A Linha 20-Rosa estende-se, no trecho objeto da declaração de utilidade pública (DUP), entre a Rua Francisco Luiz de Souza Júnior, na Barra Funda, e a Rua José Antonio Valadares, no Sacomã, atravessando bairros densamente consolidados da capital paulista. A obra projeta vetor de valorização que historicamente acompanha cada nova linha do Metrô, o que torna ainda mais sensível a fixação do valor de avaliação prévia pelo expropriante.
1. O que foi declarado de utilidade pública pela Resolução SPI 087/2025
A DUP recai sobre 5.894,93 m² distribuídos em dois blocos cartográficos do município de São Paulo, ambos no entorno da futura implantação da Linha 20-Rosa. A descrição oficial dos perímetros indica precisão técnica suficiente para que cada proprietário identifique a porção de seu imóvel afetada e mensure se há, ou não, remanescente economicamente viável após a expropriação.
💡 O que é uma DUP e qual o seu efeito imediato
A declaração de utilidade pública (DUP) é o ato que autoriza o expropriante a iniciar o procedimento expropriatório, seja por via amigável, seja por via judicial. A partir da publicação da DUP, o expropriado preserva a posse e o direito de uso do imóvel, mas deve estar atento ao prazo de caducidade do ato e aos próximos passos do METRÔ, que normalmente envolvem vistoria técnica, avaliação prévia e proposta de acordo administrativo.
O texto da Resolução SPI 087/2025 prevê três modalidades possíveis de intervenção sobre os imóveis identificados: desapropriação plena, ocupação temporária e instituição de servidão administrativa. Essa tríade é típica de obras de Metrô porque, dependendo da função do imóvel no projeto, basta a passagem subterrânea de túnel ou a instalação superficial de saída de emergência ou poço de ventilação, sem necessidade de tomada total do imóvel.
2. Logradouros e perímetros atingidos
O perímetro descrito na Resolução SPI 087/2025 envolve três logradouros distintos do município de São Paulo. A tabela a seguir consolida cada trecho atingido, a área aproximada e a função do imóvel dentro do projeto da Linha 20-Rosa do Metrô.
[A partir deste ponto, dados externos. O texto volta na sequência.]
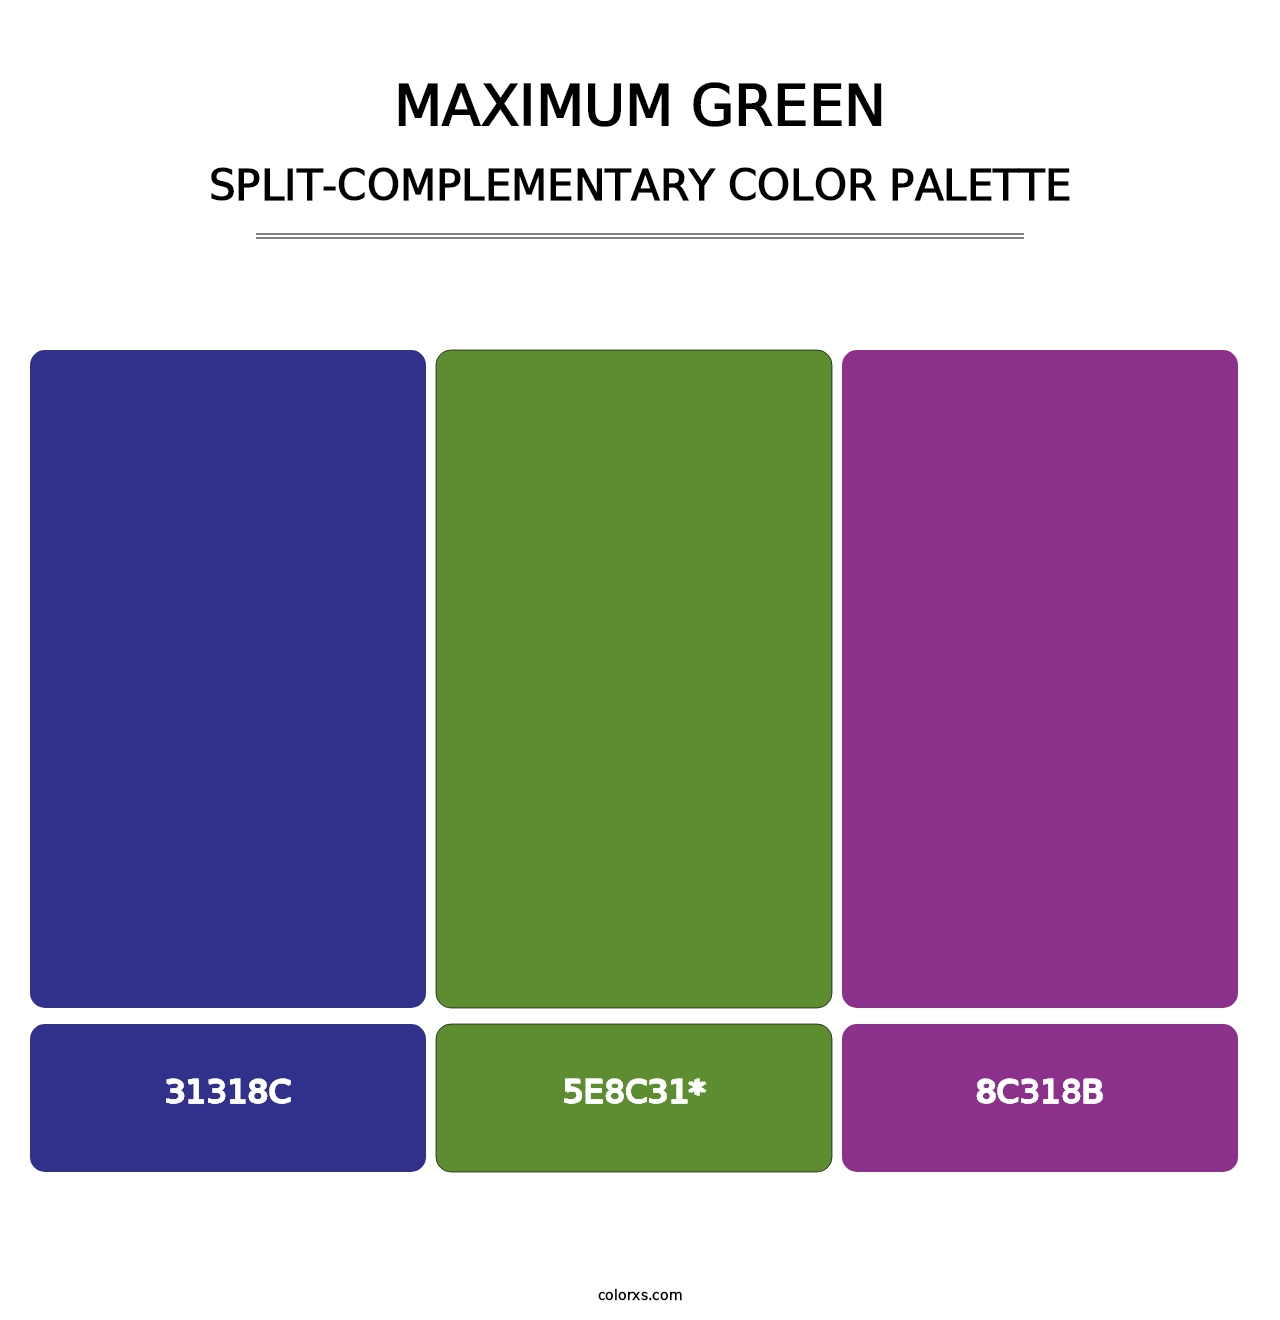 Maximum Green - Split-Complementary Color Palette

| Logradouro | Trecho/marco | Área aprox. | Função no perímetro |
|---|---|---|---|
| Rua Francisco Luiz de Souza Júnior | Bloco 20541, confronto com o nº 99 e com a Avenida Marquês de São Vicente (canto chanfrado) | 506,03 m² | Implantação de estação, ventilação ou saída de emergência na Barra Funda |
| Rua Emílio Goeldi | Bloco 20542, confronto com o imóvel nº 747 | Integrante dos 5.388,90 m² do bloco | Apoio operacional e acesso à estação |
| Rua do Curtume | Bloco 20542, alinhamento da rua, curva de concordância com avenida, imóvel nº 758 | Integrante dos 5.388,90 m² do bloco | Núcleo da implantação superficial associada à Linha 20-Rosa |
Na Rua Francisco Luiz de Souza Júnior, a área desapropriada confronta com o remanescente do imóvel nº 99 e segue até a Avenida Marquês de São Vicente, em canto chanfrado típico das esquinas da Barra Funda. Já o bloco 20542, com 5.388,90 m², concentra a maior porção da intervenção e atinge simultaneamente a Rua Emílio Goeldi, no imóvel nº 747, e a Rua do Curtume, no imóvel nº 758, configurando perímetro contínuo entre dois logradouros.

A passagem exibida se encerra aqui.